# Going in different directions



## buttersnips (Apr 17, 2012)

Hi

Oh no....

My husband has 4 children, 3 are age's 6-9, and 2 are adopted by his ex wife, he cares for them part time.

I have 2 teen-agers who are older, and don't need me like they once did.

Anyway, I am starting to feel the differences between us, and it's straining our relationship. He's very complicated while I'm more concrete. And while he struggles with all this, I seem to just sit and be still watching it all take place.

There are times I just want to leave, and it's becoming more apparent we may not have much in common as we once thought.

Financially we are always struggling, and there are times I don't know whats going on, but I did all I could do, including buying a car, paying for our vacation, and know I'm getting really bogged down with not receiving anything in return. My car is now his car, while sit and wait at home, something I swore I would never do.

And all the meanwhile we are downsizing all our things to storage, and its been stressful, because while he's trying to figure out what life works for him, including housing, I seem to be paying the price. I'm getting older and this constant instability is killing me.

I don't know what to do but I'm afraid one foot is out the door


----------



## growtogether (Feb 27, 2012)

Hello 
What do you want about your marriage? You want to work on it or let it go?


----------



## buttersnips (Apr 17, 2012)

well, deciding seems to take over action, which is why we don't jump..

I don't know yet. But I will. thanks


----------



## Jellybeans (Mar 8, 2011)

Talk to him about how you feel. 

How long have you been married?


----------



## growtogether (Feb 27, 2012)

What seems to get in your way to take a decision?


----------



## lamaga (May 8, 2012)

Oh, dear...well, if you have already decided, then stick to it and go. Dragging it out will only make it harder.

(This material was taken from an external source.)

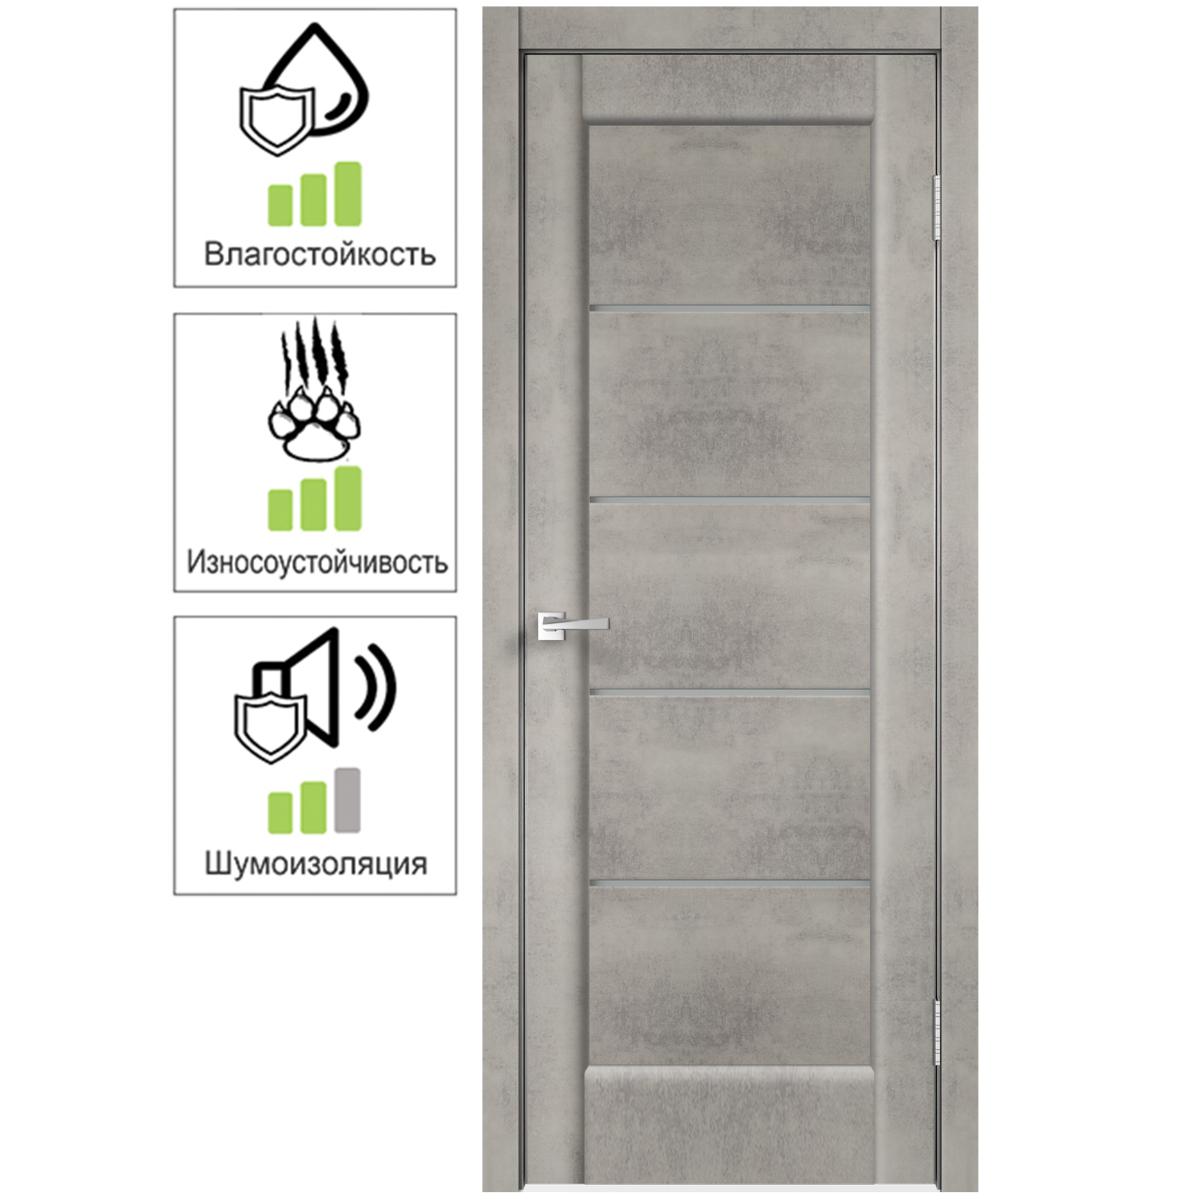 Дверь межкомнатная остеклённая «Сохо» 60x200 см ПВХ цвет лофт светлый с фурнитурой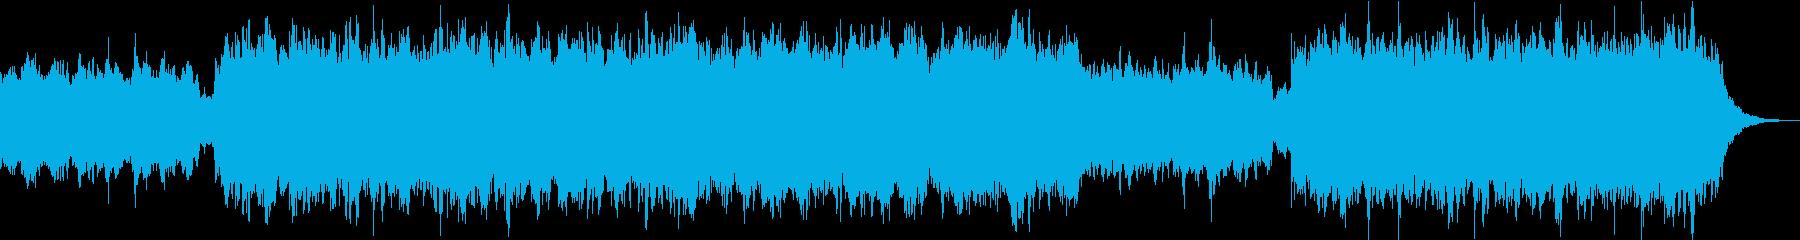 幻想的なヒーリングBGMの再生済みの波形

Not clear from your OP what exactly was your breaking point, but then, that's really no one's business but yours.


----------



## buttersnips (Apr 17, 2012)

We married hastily back in February on the 29th. It was ill planned and it seemed as though it would've been fine if it hadn't been done at all, I'm sorry, that was my impression.
Anyway, the constant pressure on me to give or be a provider without getting it in return is becoming frustrating. I bought my own ring, and I seem to be always giving him money? I have never really asked him for anything. It just seems as though he's putting me in the middle of a messy past divorce, and he brought his behaviors with him..I am doing the best I can to cope, but it's getting really hard. We moved 3 time's, he's never happy with where we live, and its just getting to be rough. I'm so sorry to vent on here. thank you for listening.


----------